◆ EXERCISE OBJECTIVE: In the data below, the answer is the run of lines from the line containing "Rīgas Austrumu klīniskās" through the line containing "bougies dans une église photo", both included; print it exactly and nothing else.
━━━ EXERCISE MATERIAL ━━━
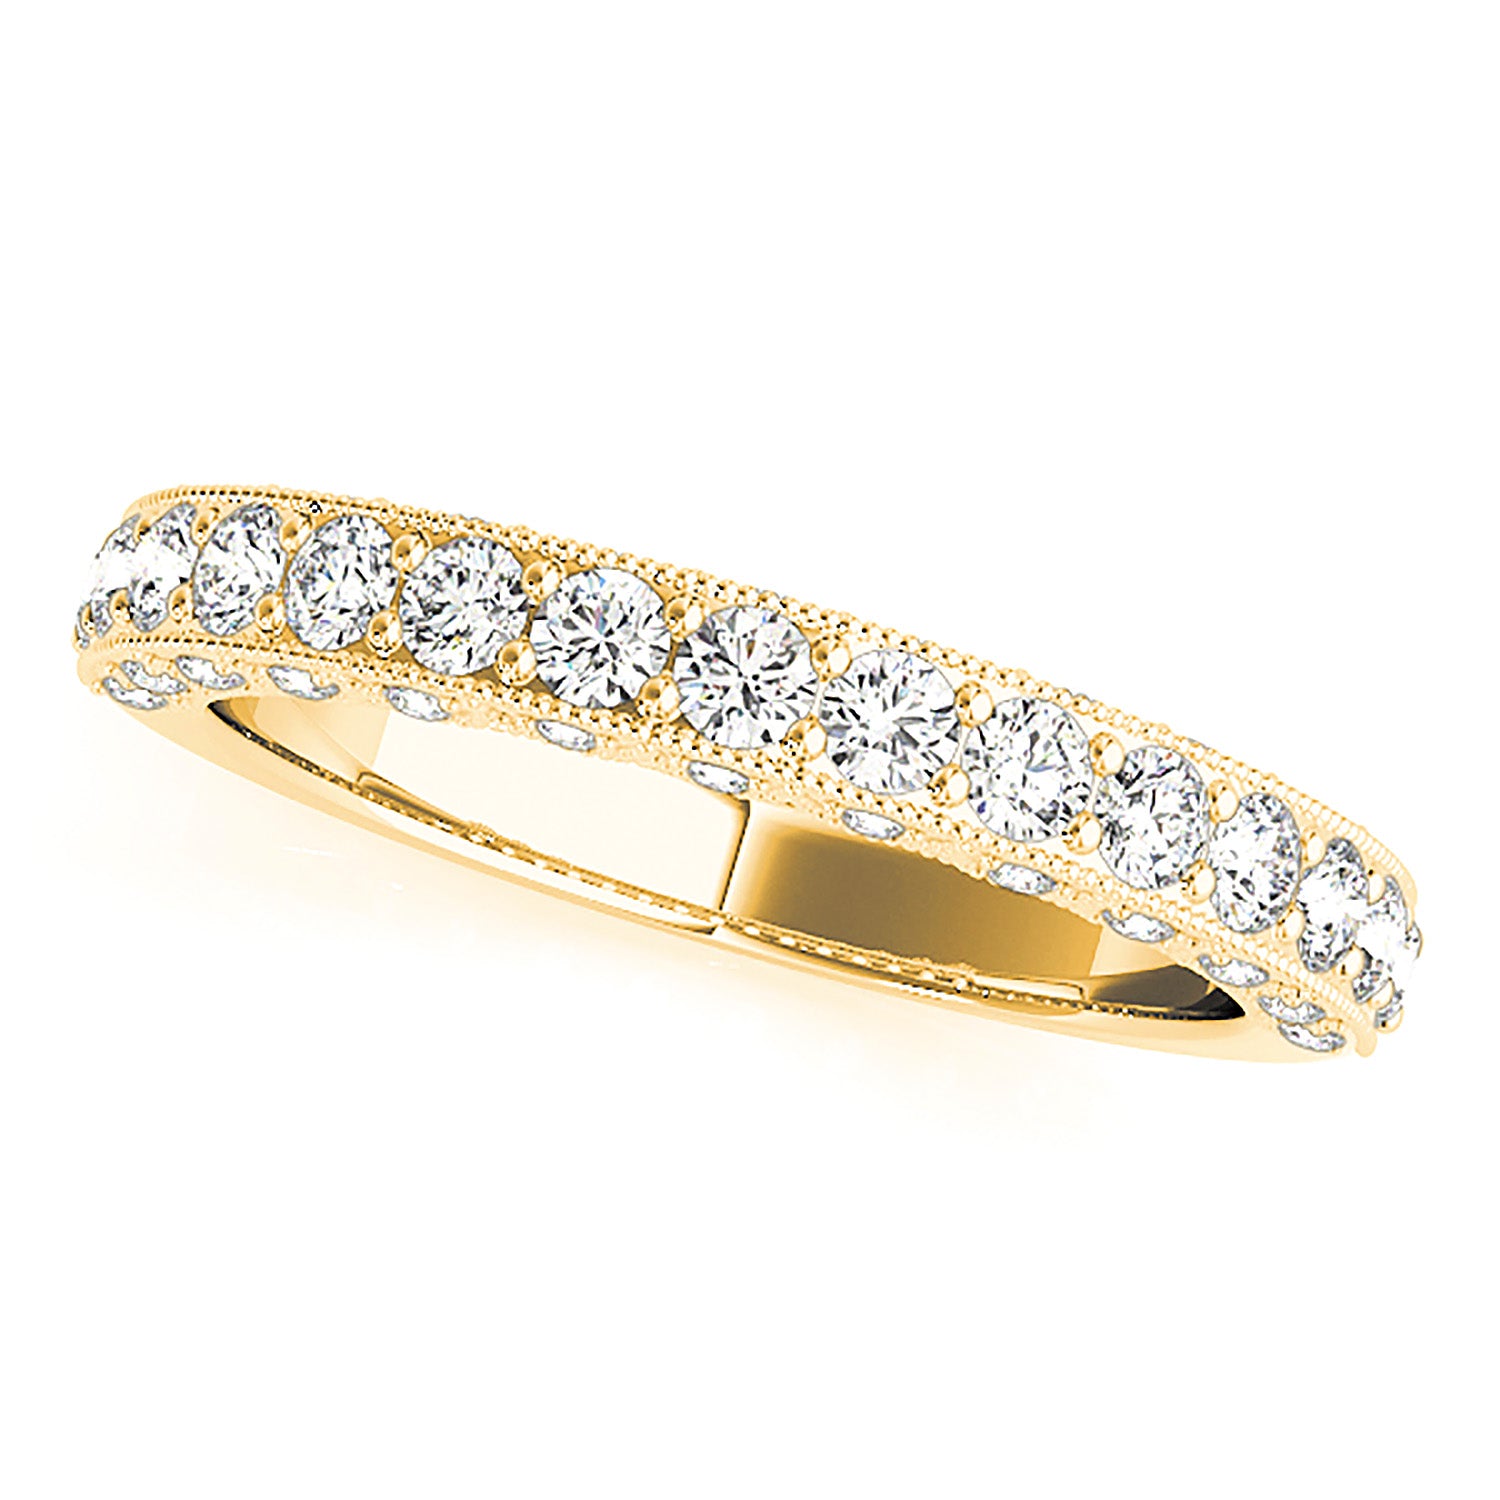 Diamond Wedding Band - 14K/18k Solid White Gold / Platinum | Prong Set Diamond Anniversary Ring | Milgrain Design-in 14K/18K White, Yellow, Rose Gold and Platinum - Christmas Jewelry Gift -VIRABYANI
━━━
━━━ EXERCISE MATERIAL ━━━
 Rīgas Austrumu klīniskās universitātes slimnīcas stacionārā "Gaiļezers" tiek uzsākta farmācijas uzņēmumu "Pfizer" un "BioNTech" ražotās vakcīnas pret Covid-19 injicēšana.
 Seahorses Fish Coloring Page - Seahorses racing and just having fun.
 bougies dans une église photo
━━━
◆ TASK OUTPUT:
 Rīgas Austrumu klīniskās universitātes slimnīcas stacionārā "Gaiļezers" tiek uzsākta farmācijas uzņēmumu "Pfizer" un "BioNTech" ražotās vakcīnas pret Covid-19 injicēšana.
 Seahorses Fish Coloring Page - Seahorses racing and just having fun.
 bougies dans une église photo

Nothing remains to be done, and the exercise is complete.